— Незрячее лицо, плачет и не может вытереть слезы. Нда! Решительно, Хэммилу следует как можно скорее уехать в отпуск: в своем он уме или нет, но он, безусловно, загнал себя самым жестоким образом. Да пошлет нам господь разумения!
В полдень Хэммил восстал ото сна с отвратительным вкусом во рту, но с ясным взглядом и радостной душой.
— Судя по всему, вчера вечером я был в неважном состоянии? — спросил он.
— Да, я видал людей поздоровее. У вас, наверное, был солнечный удар. Послушайте, если я вам напишу сногсшибательное медицинское свидетельство, попроситесь немедленно в отпуск?
— Нет.
— Почему?
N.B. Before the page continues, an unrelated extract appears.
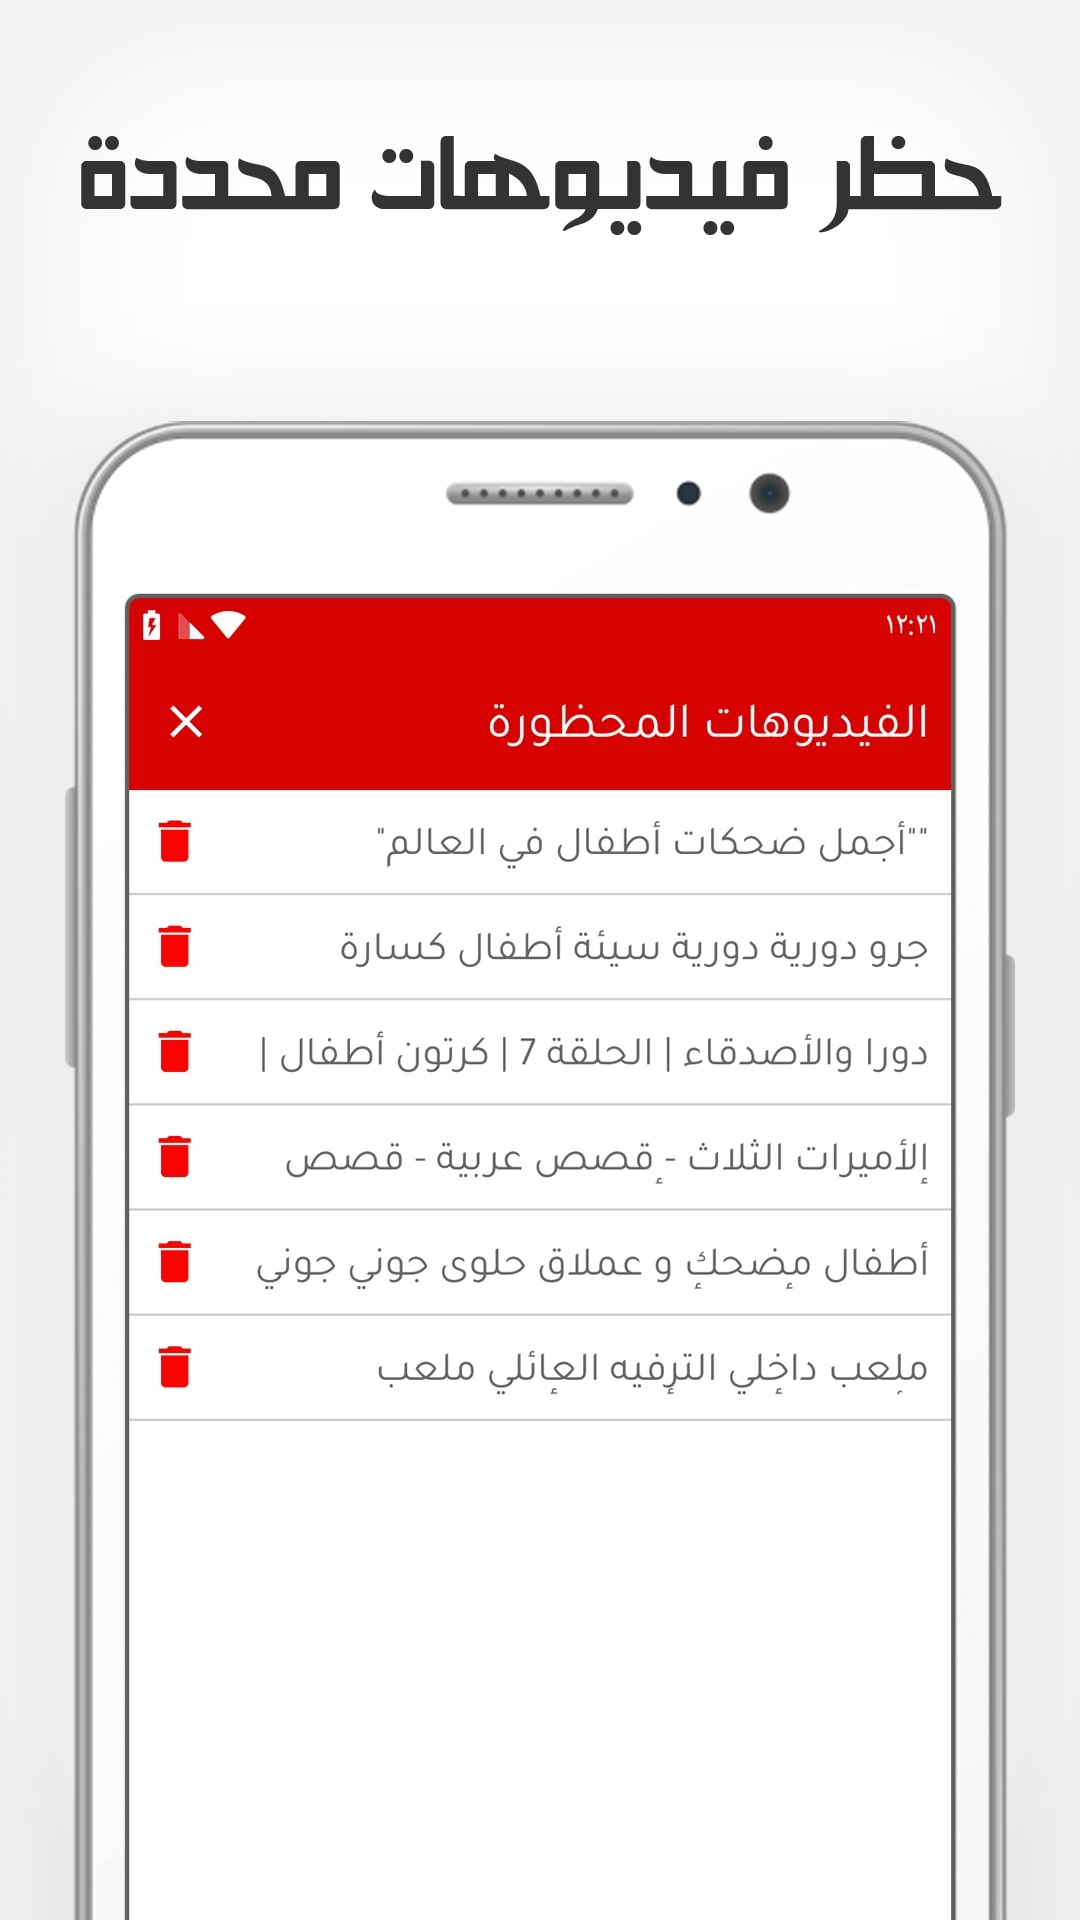 aa3_apps.com_app_sc_kidstube_ar_5.jpg

Он вам необходим.
— Да, но я еще продержусь, пока не спадет жара.
— А зачем, если можно уехать сразу же?
— Единственный, кого можно сюда прислать, — Баркет, а он непроходимый дурак.
— Да забудьте вы про службу. И не воображайте, будто вы такой незаменимый. Пошлите прошение об отпуске телеграммой, если надо.
Хэммил замялся в смущении.
— Я продержусь до дождей, — повторил он уклончиво.
— Вам не продержаться. Телеграфируйте в управление насчет Баркета.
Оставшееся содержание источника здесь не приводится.